Atypical Delayed-Onset Endophthalmitis Following Intravitreal Dexamethasone Implant Managed Without Implant Removal: A Rare Case Report and Literature Review.

作者信息

Tripathi Amit Nandan, Rana Vipin, Bandopadhyay Sandepan, Kaushik Jaya, Kumar Pradeep

机构信息

Department of Ophthalmology, Command Hospital, (Eastern Command), Kolkata, India.

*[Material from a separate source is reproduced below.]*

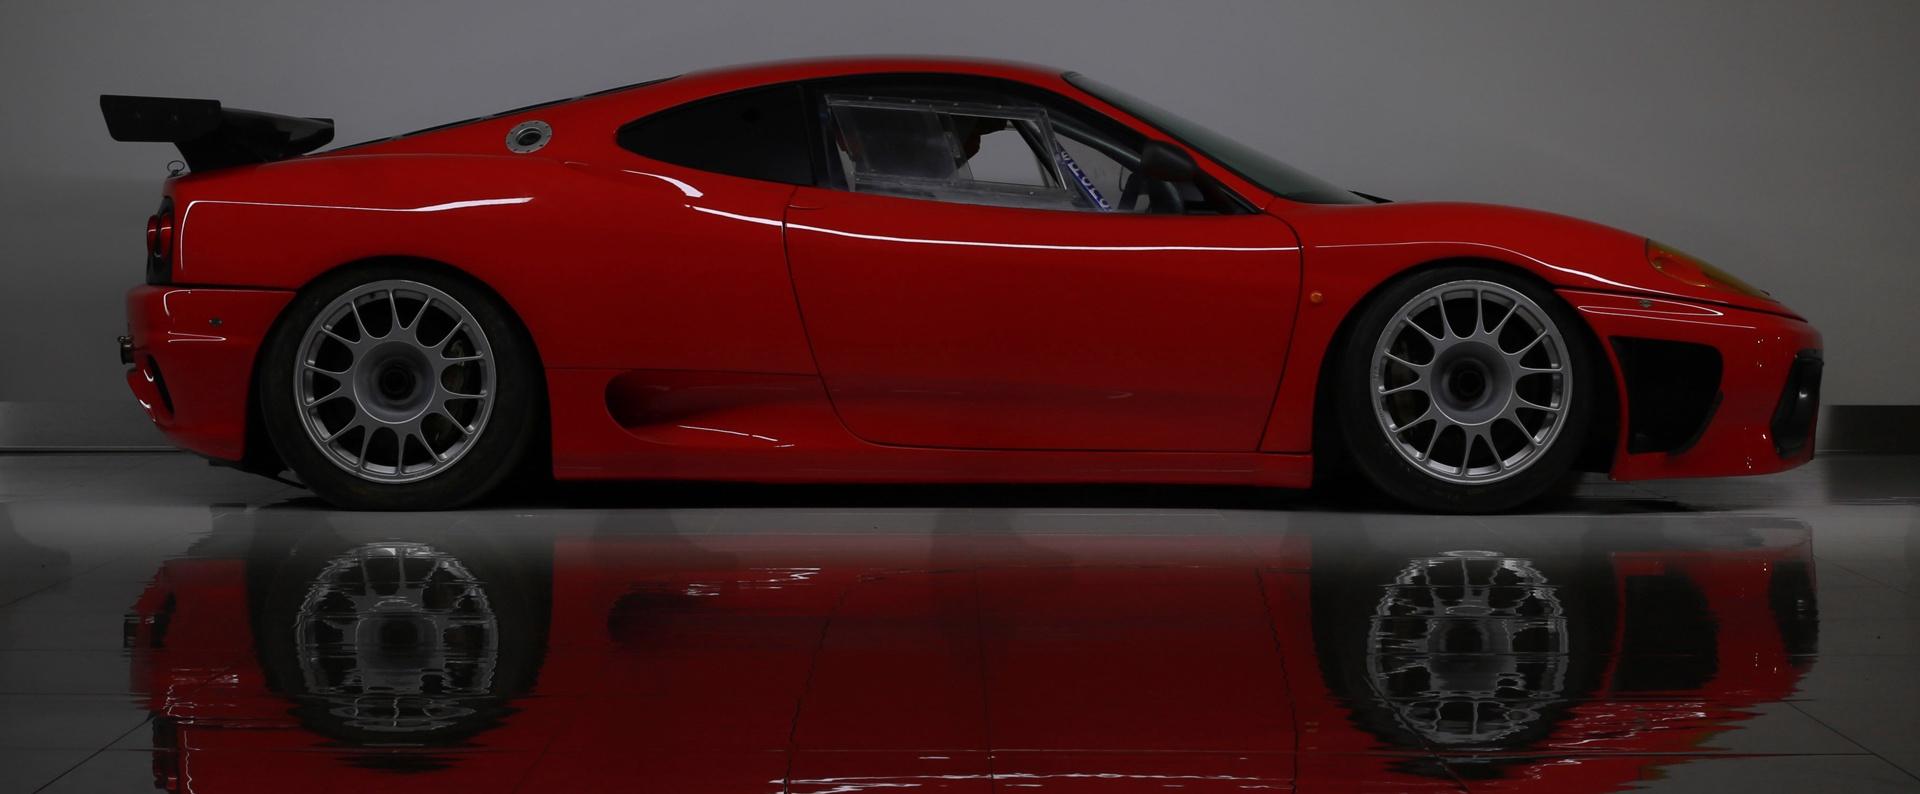 Used 2001 Ferrari 360 Challenge Challenge Michelotto | Miami, FL

Department of Ophthalmology, Command Hospital, (Central Command), Lucknow, India.

出版信息

Rom J Ophthalmol. 2024 Oct-Dec;68(4):343-348. doi: 10.22336/rjo.2024.64.

Abstract

OBJECTIVE

To report a case of atypical delayed-onset endophthalmitis following intravitreal dexamethasone (DEX) implantation, managed successfully without implant removal.

CASE PRESENTATION

A 72-year-old Asian woman with recurrent macular edema due to central retinal vein occlusion (CRVO) received an intravitreal DEX implant. Two weeks post-injection, she experienced blurred vision but no pain or redness. Best-corrected visual acuity (BCVA) had dropped to hand movements near the face (HMCF). Examination revealed 3+ anterior chamber cells and a 1.5 mm hypopyon, with significant vitreous haze obscuring retinal details. A diagnosis of acute endophthalmitis was made. Initial treatment with intravitreal vancomycin and ceftazidime was followed by pars plana vitrectomy (PPV) without implant removal. Microbiological tests were negative, and vision improved significantly, with BCVA returning to 6/12 after two weeks.

DISCUSSION

Endophthalmitis following DEX implantation is rare, and its management is not well-defined. While implant removal is often recommended, favorable outcomes can be achieved without it. The negative culture results and atypical presentation suggested a possible non-infectious etiology. Intraocular steroids may obscure typical signs of infection.

CONCLUSION

Atypical delayed-onset endophthalmitis following DEX implantation can be successfully treated with prompt vitrectomy and intravitreal antibiotics without implant removal, underscoring the need for individualized management in such cases.

摘要

目的

报告1例玻璃体内注射地塞米松(DEX)植入术后非典型迟发性眼内炎病例,在未取出植入物的情况下成功治愈。

病例介绍

一名72岁的亚洲女性因中心视网膜静脉阻塞(CRVO)导致复发性黄斑水肿,接受了玻璃体内DEX植入术。注射后两周,她出现视力模糊,但无疼痛或眼红。最佳矫正视力(BCVA)降至眼前手动(HMCF)。检查发现前房细胞3+,前房积脓1.5 mm,玻璃体显著混浊,无法看清视网膜细节。诊断为急性眼内炎。最初给予玻璃体内注射万古霉素和头孢他啶治疗,随后行玻璃体切割术(PPV),未取出植入物。微生物学检查结果为阴性,视力显著改善,两周后BCVA恢复至6/12。

讨论

DEX植入术后发生眼内炎较为罕见,其治疗方法尚无明确界定。虽然通常建议取出植入物,但不取出也可取得良好效果。培养结果阴性及非典型表现提示可能为非感染性病因。眼内类固醇可能掩盖感染的典型体征。

结论

DEX植入术后非典型迟发性眼内炎可通过及时的玻璃体切割术和玻璃体内注射抗生素成功治疗,无需取出植入物,强调在此类病例中需要个体化治疗。